EXERCISE OBJECTIVE: Retype only what runs from the beginning of the data through the line with "Advertising BCC Credito"; please omit the pictures and keep every line exact.

AVAILABLE DATA:

★ ★ ★

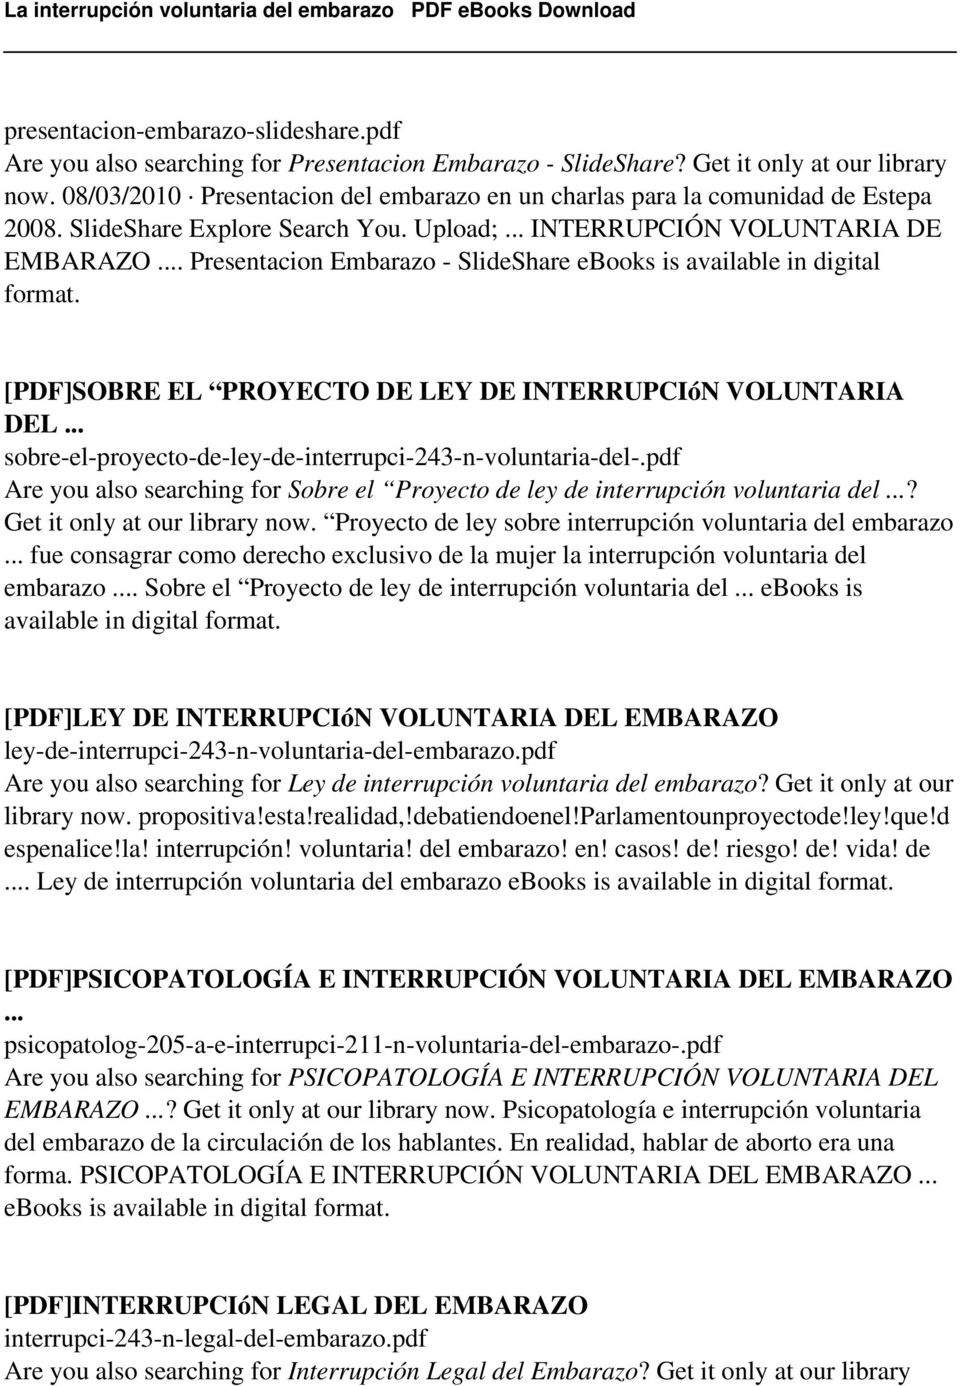 .. Presentacion Embarazo - SlideShare ebooks is available in digital format. [PDF]SOBRE EL PROYECTO DE LEY DE INTERRUPCIóN VOLUNTARIA DEL... sobre-el-proyecto-de-ley-de-interrupci-243-n-voluntaria-del-.
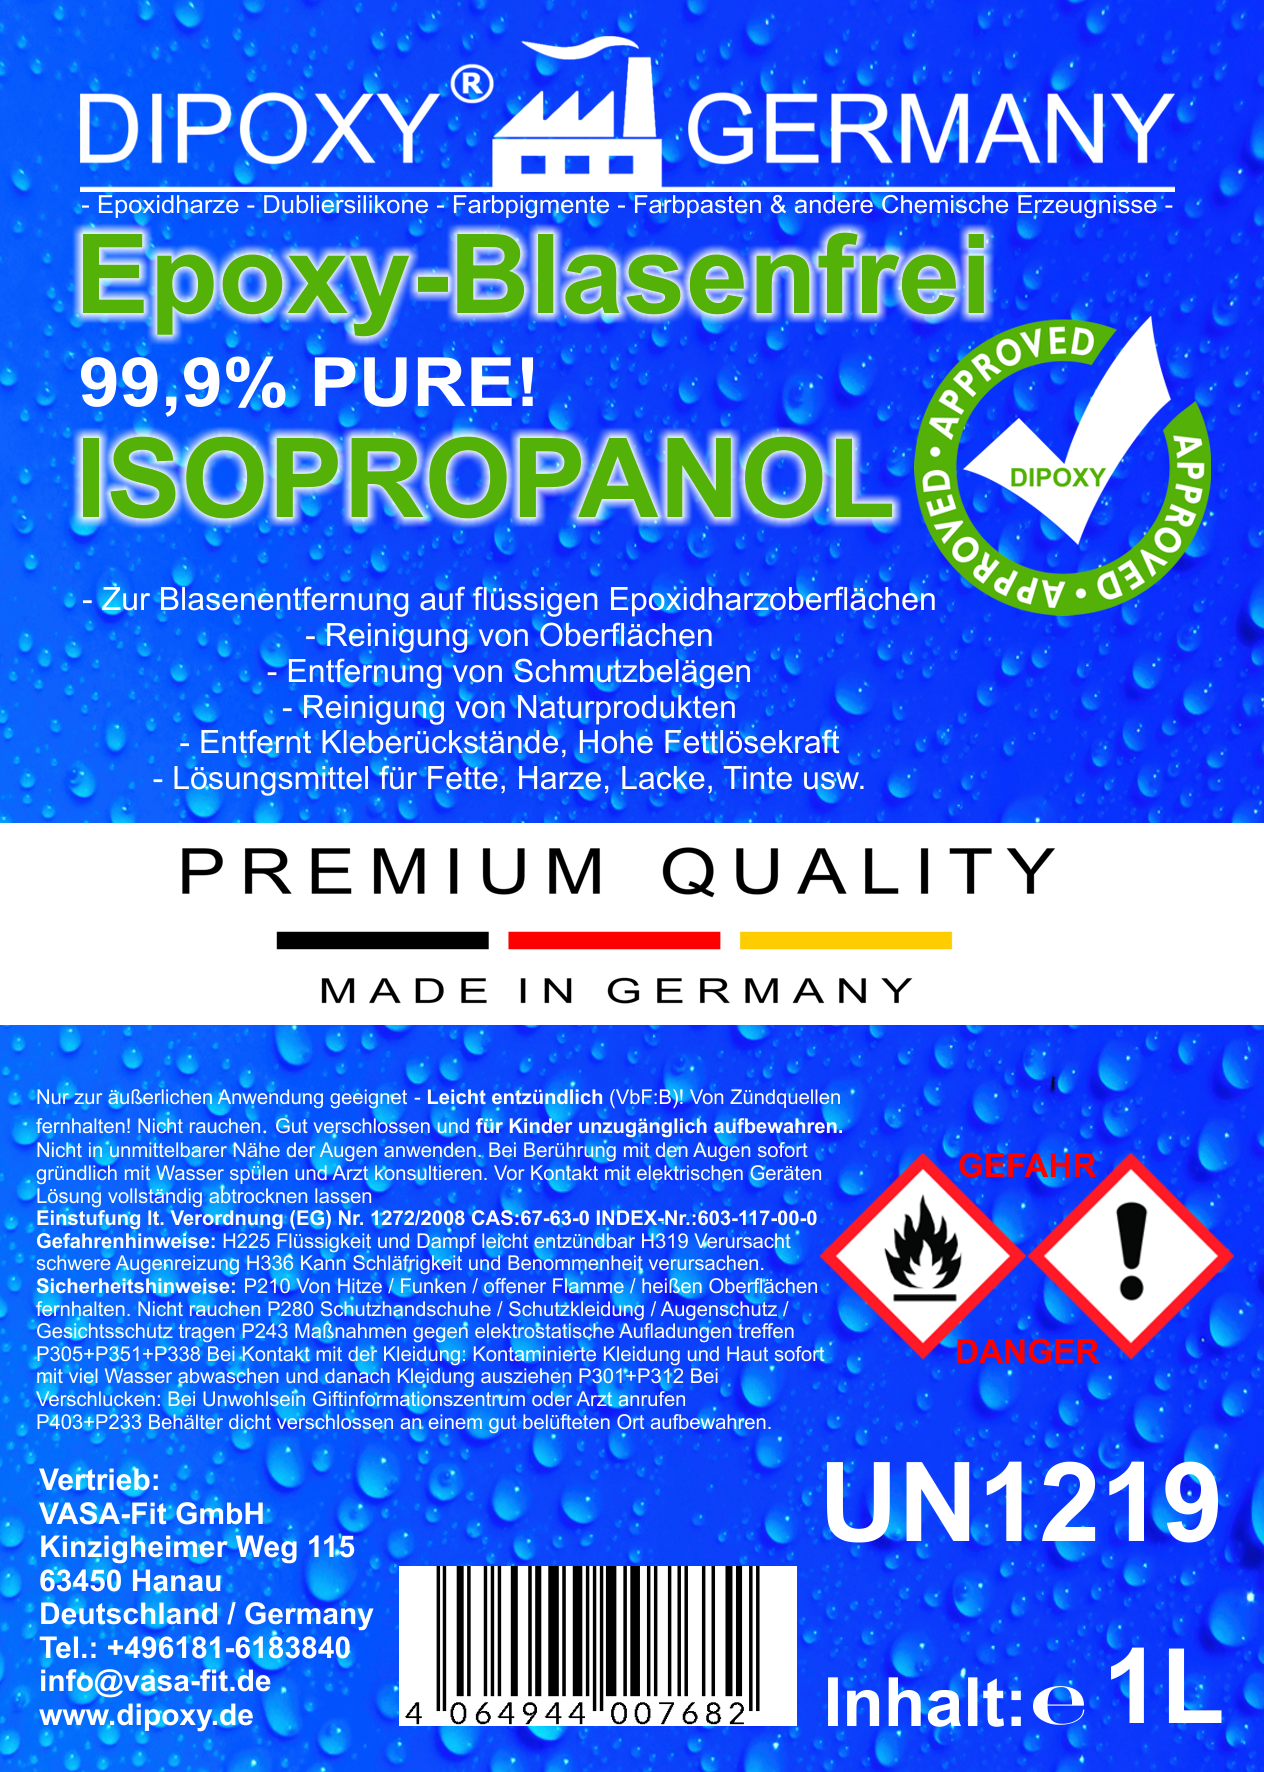 Isopropanol 99,9% rein, Epoxy-Blasenfrei
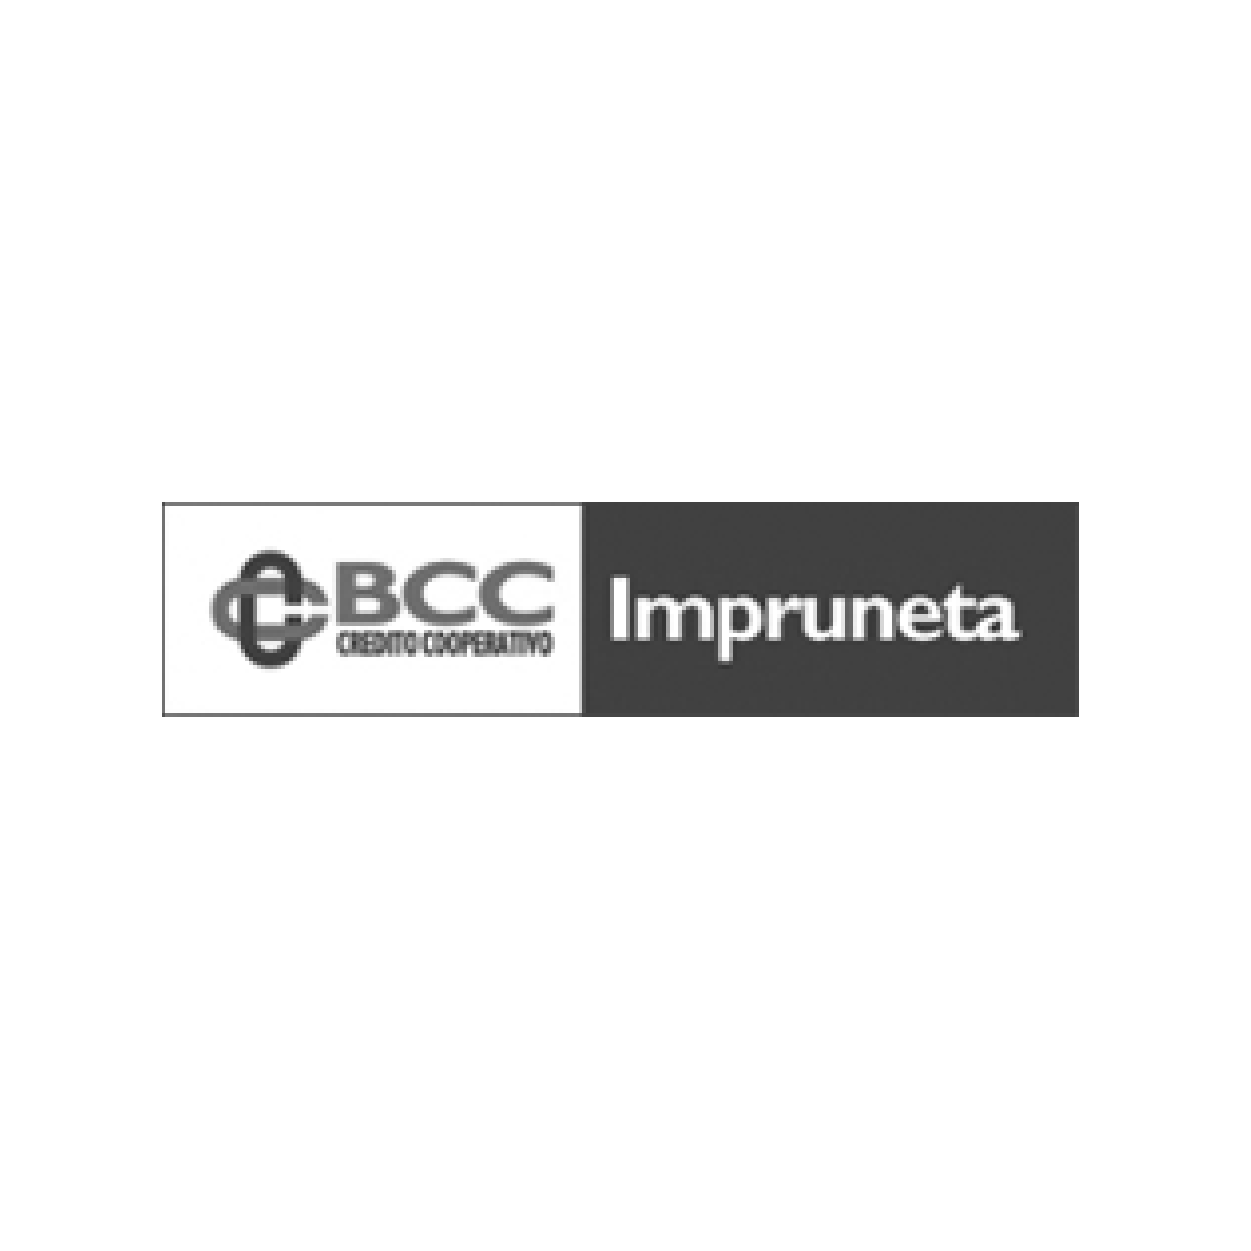 Advertising BCC Credito Cooperativo | Ad.One Agenzia di comunicazione
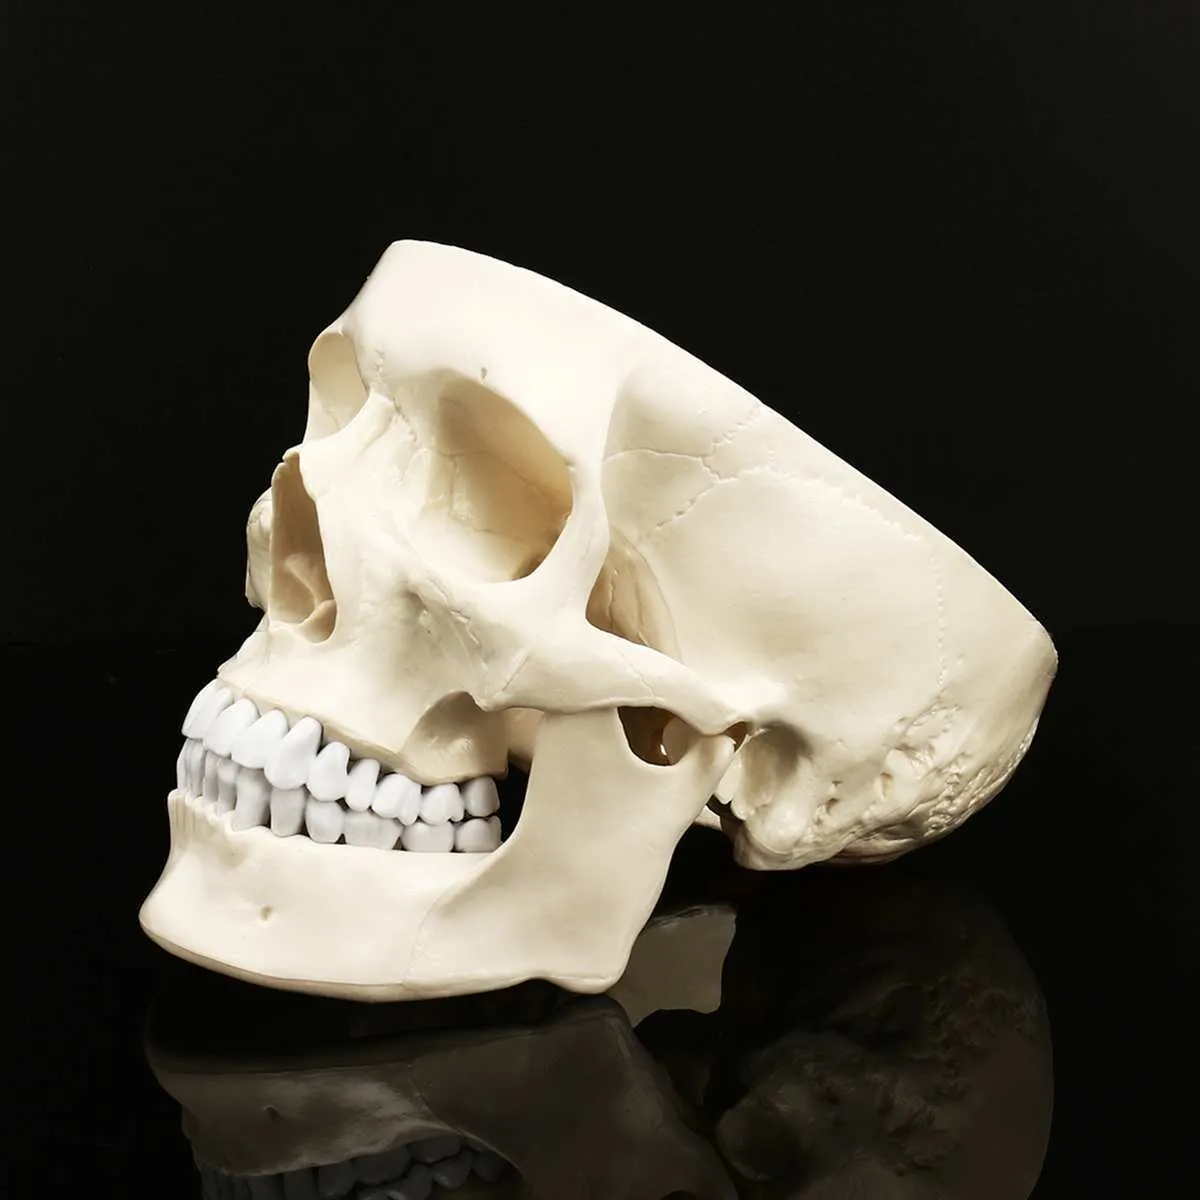 11 Anatomia anatomica umana Testa in resina Scheletro Cranio Modello didattico Staccabile Home Decor Resina Cranio umano Scultura Statua T205349666

★ ★ ★

OUTPUT FOR THIS TASK:
 .. Presentacion Embarazo - SlideShare ebooks is available in digital format. [PDF]SOBRE EL PROYECTO DE LEY DE INTERRUPCIóN VOLUNTARIA DEL... sobre-el-proyecto-de-ley-de-interrupci-243-n-voluntaria-del-.
 Isopropanol 99,9% rein, Epoxy-Blasenfrei
 Advertising BCC Credito Cooperativo | Ad.One Agenzia di comunicazione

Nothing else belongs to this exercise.